What the video makes clear is that this was not a accident, not a moment of road rage that spiraled, not a split-second decision made in anger. This was planned. The driver asked if everyone was ready. The passengers encouraged the act. They celebrated it afterward. The deliberateness of it—the casual way violence was discussed and executed—is what transforms this from tragedy into something darker, something that raises hard questions about how a teenager and his companions arrived at a place where killing a stranger on a bicycle seemed like something to do, something to record, something to laugh about.
Andreas Probst was someone's father. He was someone's husband. He was a man who had spent his life in service, who had retired to a simpler existence, who rode his bike to stay healthy. He was four kilometers from home when a car found him. The video shows what happened next. It shows what we have become capable of showing each other.
Citas Notables
He was honestly like a ray of sunshine that just bled through your life— Taylor Probst, daughter
He was an amazing man, a husband, a father, a brother— Crystal Probst, wife
La Conversación del Hearth Otra perspectiva de la historia
Why does this story matter beyond the immediate tragedy? It's a terrible crime, but there are terrible crimes every day.
Because it was recorded. Because the people inside that car documented their own deliberation and their own celebration. That changes what we're looking at—it's not just violence, it's violence performed, violence as content.
You mean they knew they were being filmed?
The camera was running from inside the vehicle. Whether they knew it would surface online, I don't know. But they knew they were recording something. They were narrating it as it happened.
And the victim—he was a police chief. Does that matter to the story, or is it just context?
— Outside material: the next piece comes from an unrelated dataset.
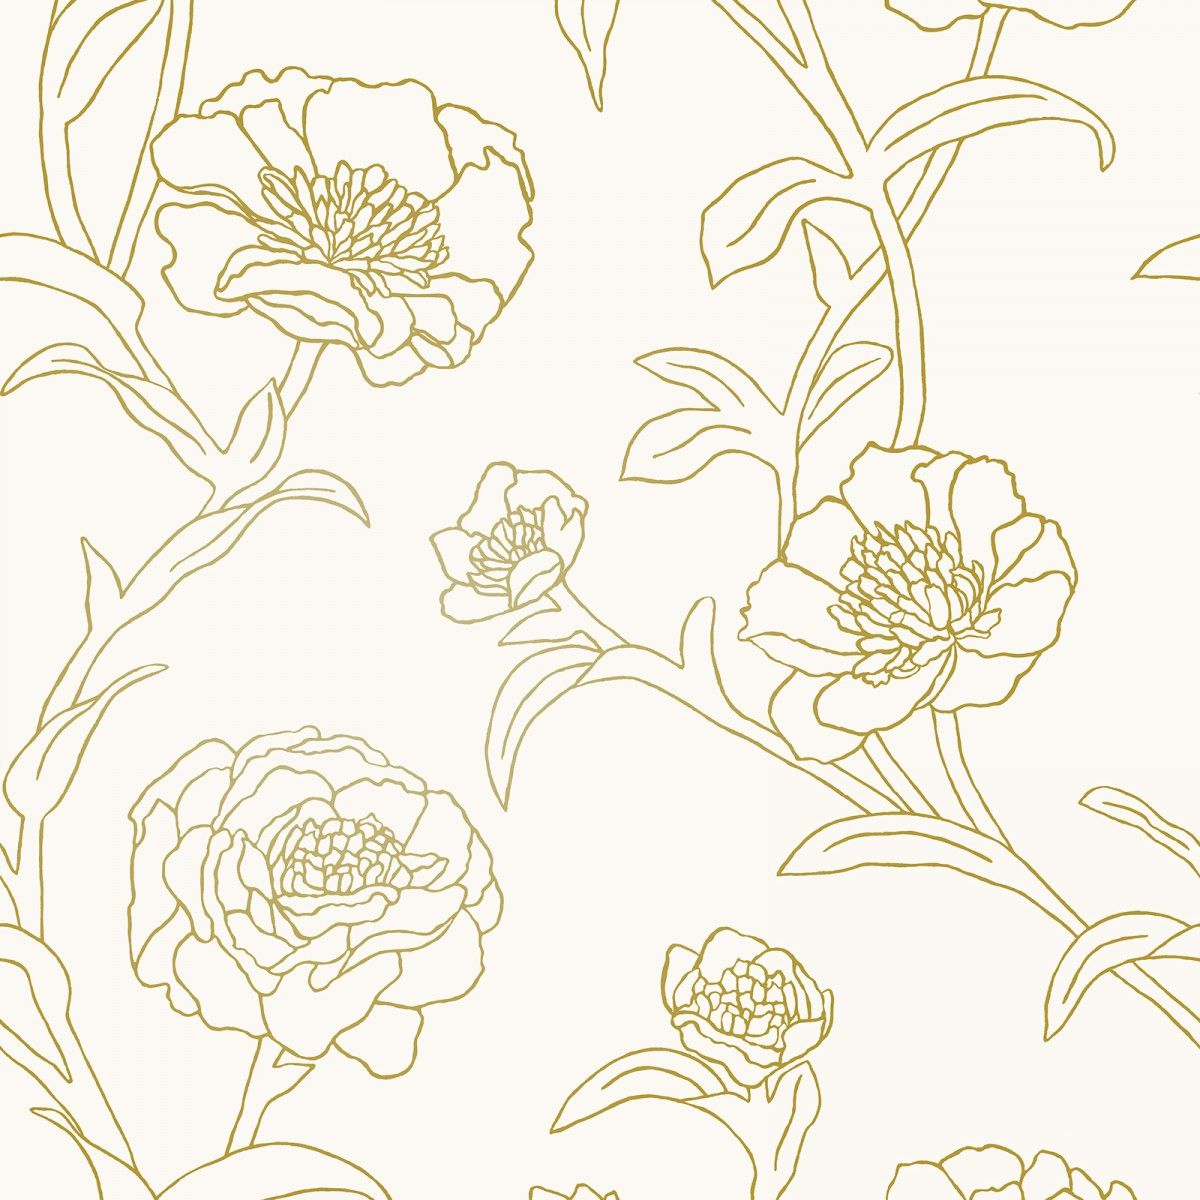 Tempaper Peonies Gold Leaf Wallpaper Tempaper Designs Peony Wallpaper Floral Wallpaper Removable Wallpaper

It matters because it deepens the senselessness. Here's a man who spent 35 years keeping order, who stepped away from that work, who was just riding a bike. And he was targeted by people young enough to be his grandchildren, people who treated his death as a joke.
The driver was 17. Does that change how we should think about what happened?
It complicates it. A 17-year-old's brain is still forming. But this wasn't impulsive—the video shows planning, coordination with passengers, celebration afterward. At some point, age becomes less relevant than the choice itself.
What happens now?
A murder trial. Questions about whether a juvenile should be tried as an adult. And a family trying to understand why their father, their husband, their ray of sunshine was chosen for this.